GSK prides itself on “responsible business practices,” but the influential corporation has been held liable for failing to uphold consumer safety on more than one occasion. Legal teams linked GSK to healthcare fraud, illegitimate marketing, bribing prescribers, and non-disclosure of serious risk factors. Litigation ensued and the corporation chose to settle.
A whistleblower discovered that GSK had been selling 20 contaminated products manufactured in Puerto Rico. The list of corrupted products included baby oil, Bactroban cream, the antidepressant Paxil and the type 2 diabetes medication Avandia.
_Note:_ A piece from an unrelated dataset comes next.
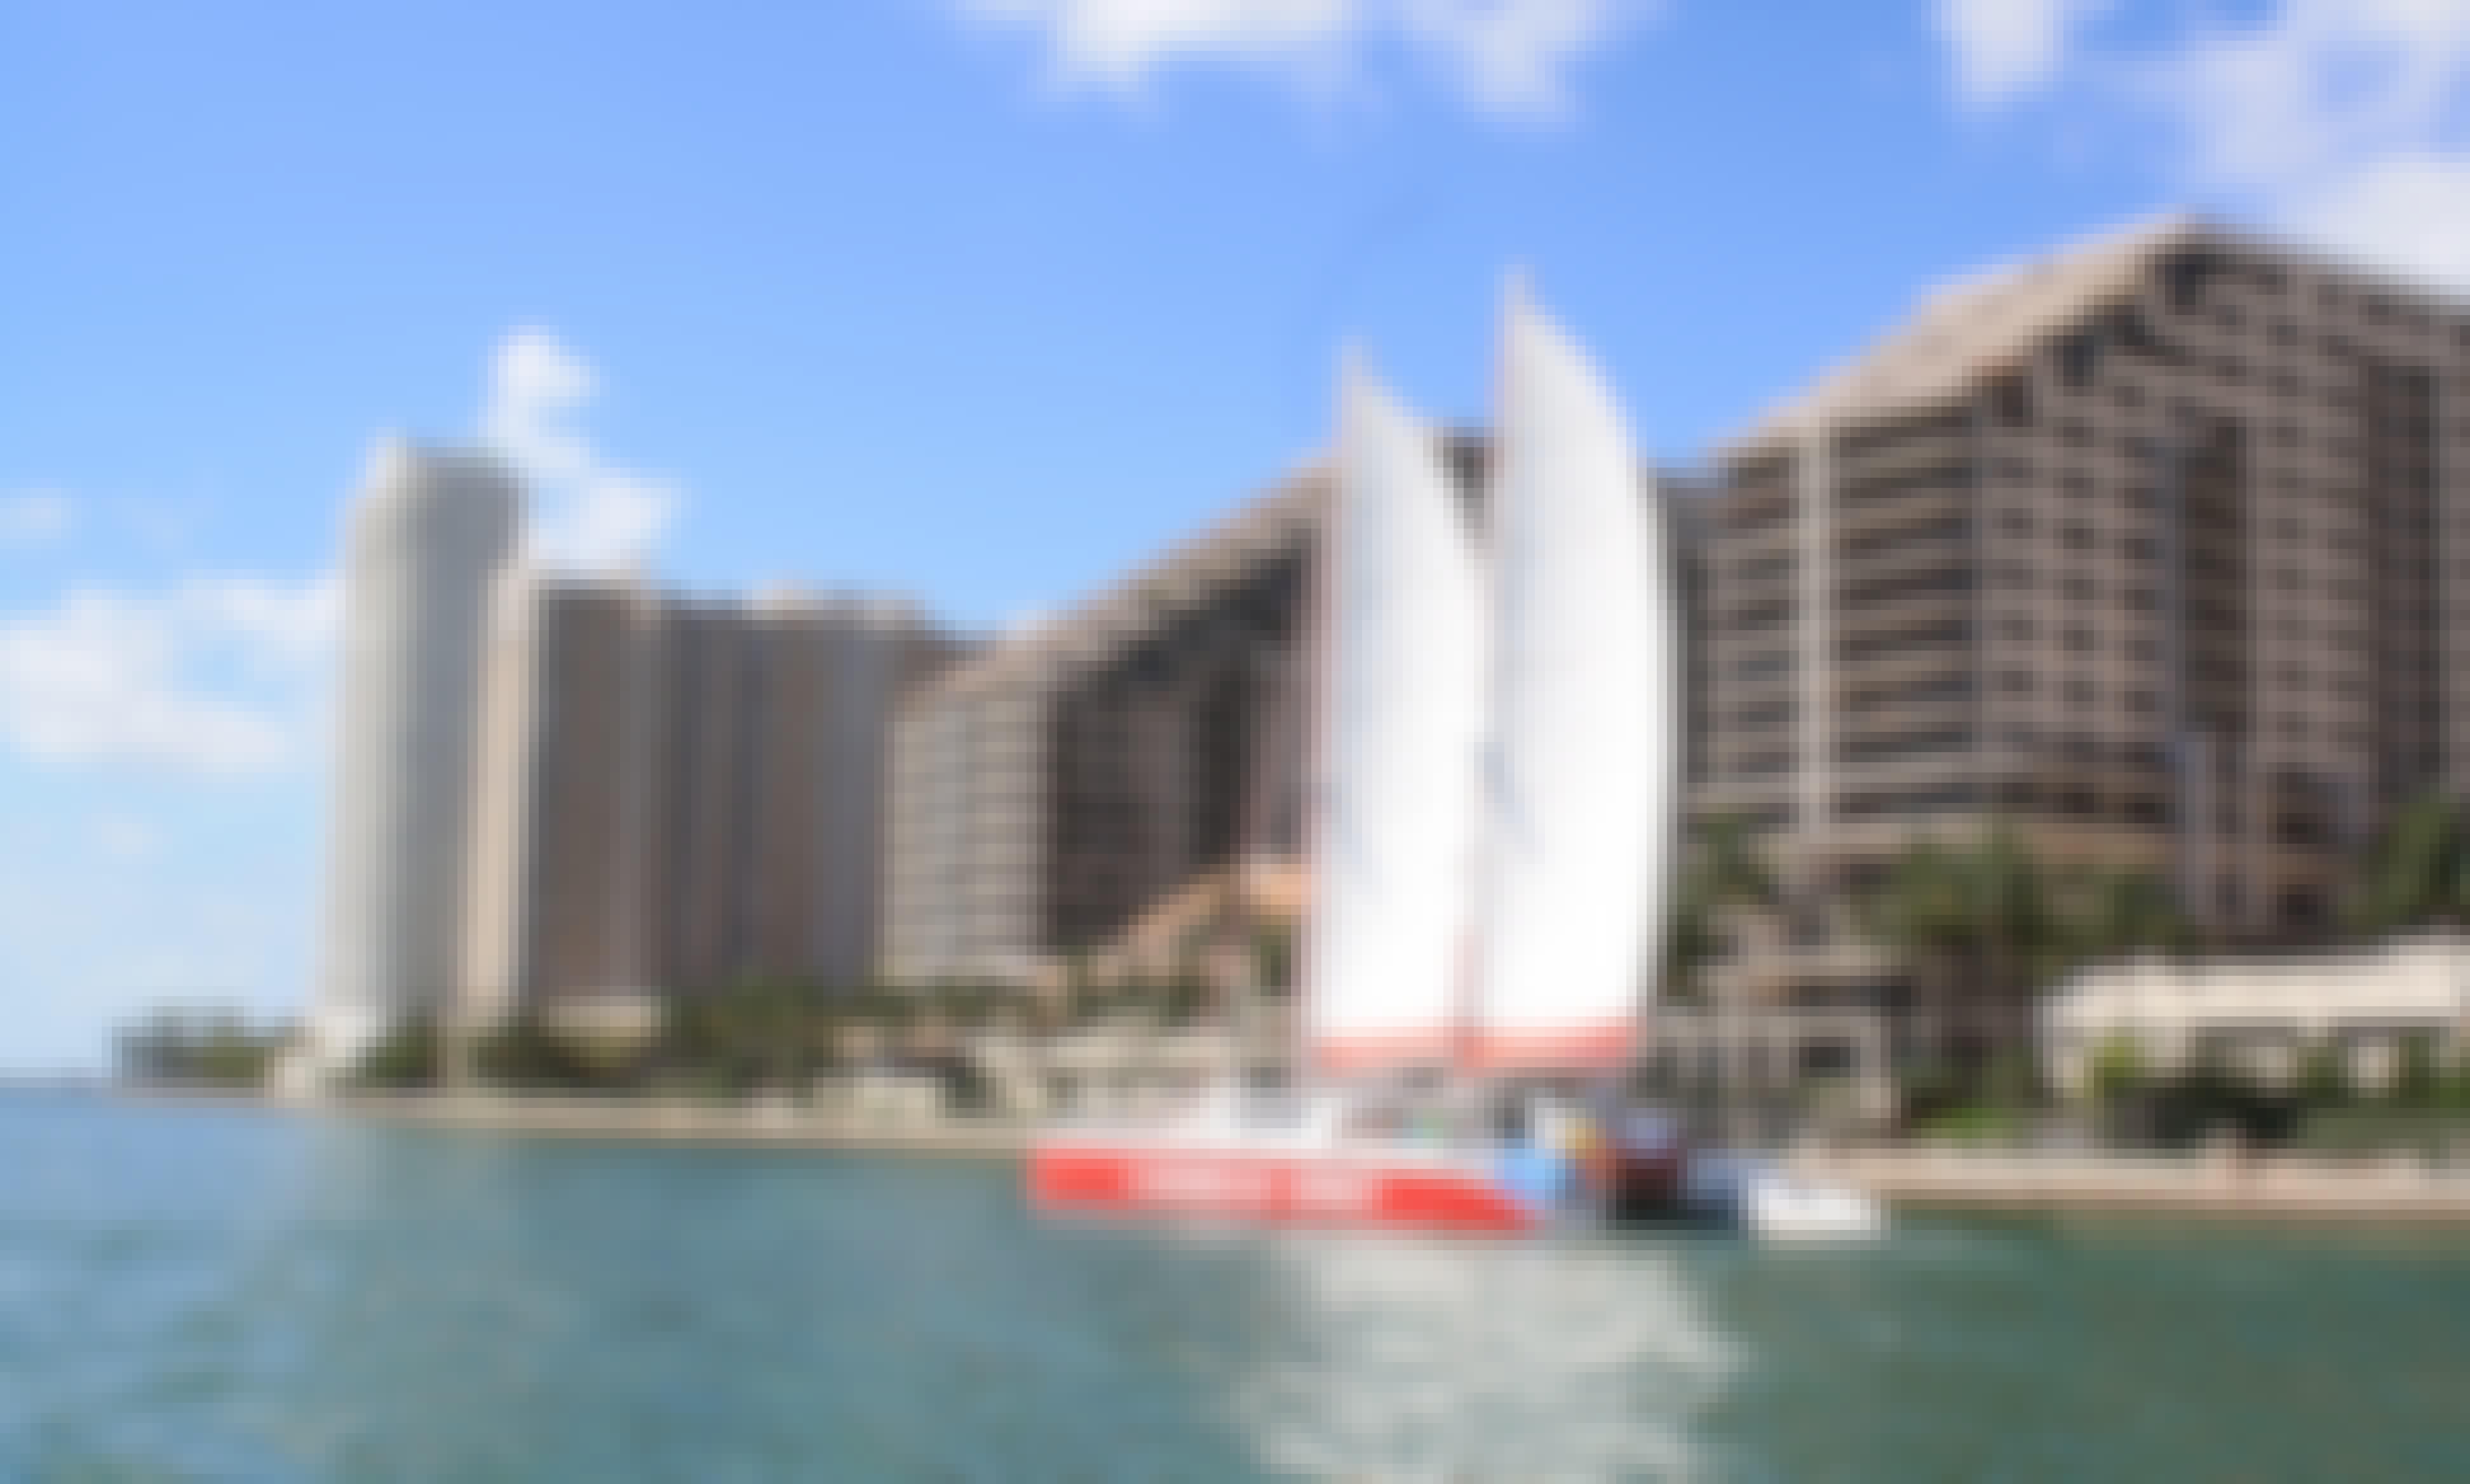 Sail Aboard the Largest Catamaran - 78' Gold Coast in Miami

Though it began in 2004, the lawsuit lasted for six years. The FDA simultaneously investigated the company and the factory in Puerto Rico. In 2009, the company closed the manufacturing facility, which produced a number of items valued at $5.5 billion. GSK agreed to a $750 million settlement in 2010.
In 2012, GSK became enveloped in the largest health care fraud scandal to date. After an investigation by the FDA, the Federal Bureau of Investigation and the Department of Health and Human Services, it became clear the company marketed its drugs for unapproved uses and hid significant consumer safety data.
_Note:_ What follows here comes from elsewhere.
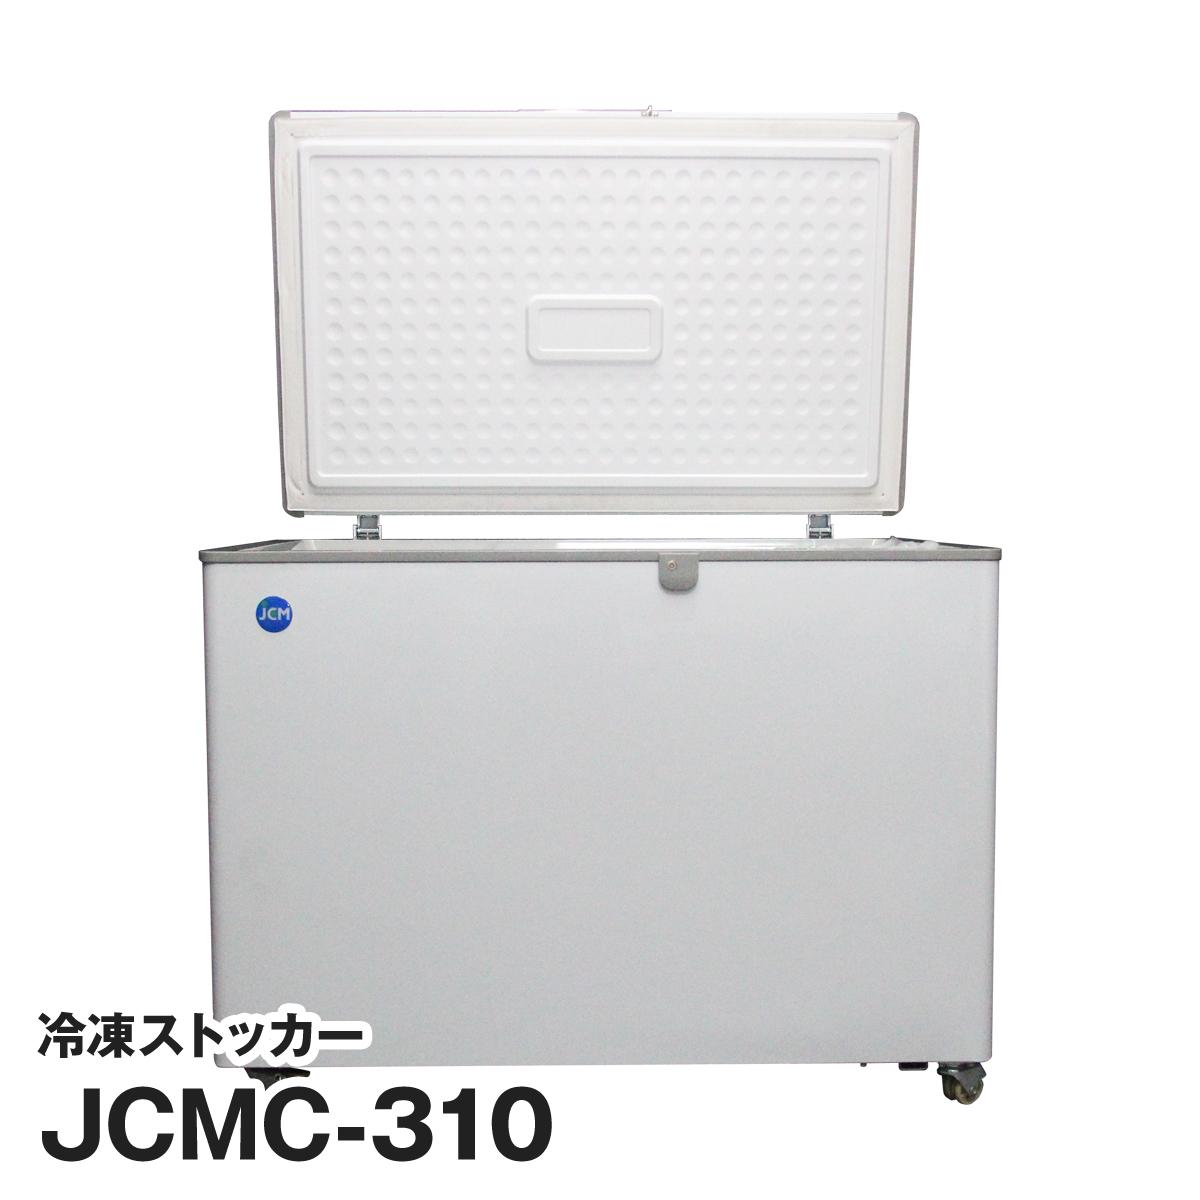 JCM社製 業務用 保冷庫 冷凍庫302L 冷凍ストッカー JCMC-310 新品

The corporation engaged in the off-label marketing of multiple drugs in its portfolio, including asthma drug Advair, type 2 diabetes drug Avandia, and antidepressants Paxil and Wellbutrin. Legal teams accused GSK of the following:
- Marketing Paxil, an antidepressant approved for adults, to children and adolescents
- Marketing Wellbutrin, an antidepressant approved for depression, to assist with sexual dysfunction, ADHD, substance abuse and weight loss
- Hiding data that showed Avandia, a type 2 diabetes drug, was linked to cardiac issues
- Bribing physicians to prescribe its drugs for unapproved uses with tickets, trips and tour invitations
GSK settled the case and paid out $3 billion. Until 2018, GSK’s marketing tactics were watched by government regulators. After the settlement, GSK hoped to repair its tarnished reputation with a commitment to transparency in all clinical trials.
GSK is a multi-billion dollar operation. When safety fails to be a priority, it’s the consumer who gets hurt in the process.
Individuals injured by GSK’s drugs Paxil and Zofran have taken action against GSK for its marketing practices and withholding of data, which led to thousands of injuries and many deaths.
A group of 30 families has filed against the makers of Zofran to gain compensation that would allow them to provide medical care for babies born with birth defects. Paxil, also linked to birth defects, has caused a number of suicides, leading to 5,000 lawsuits against GSK.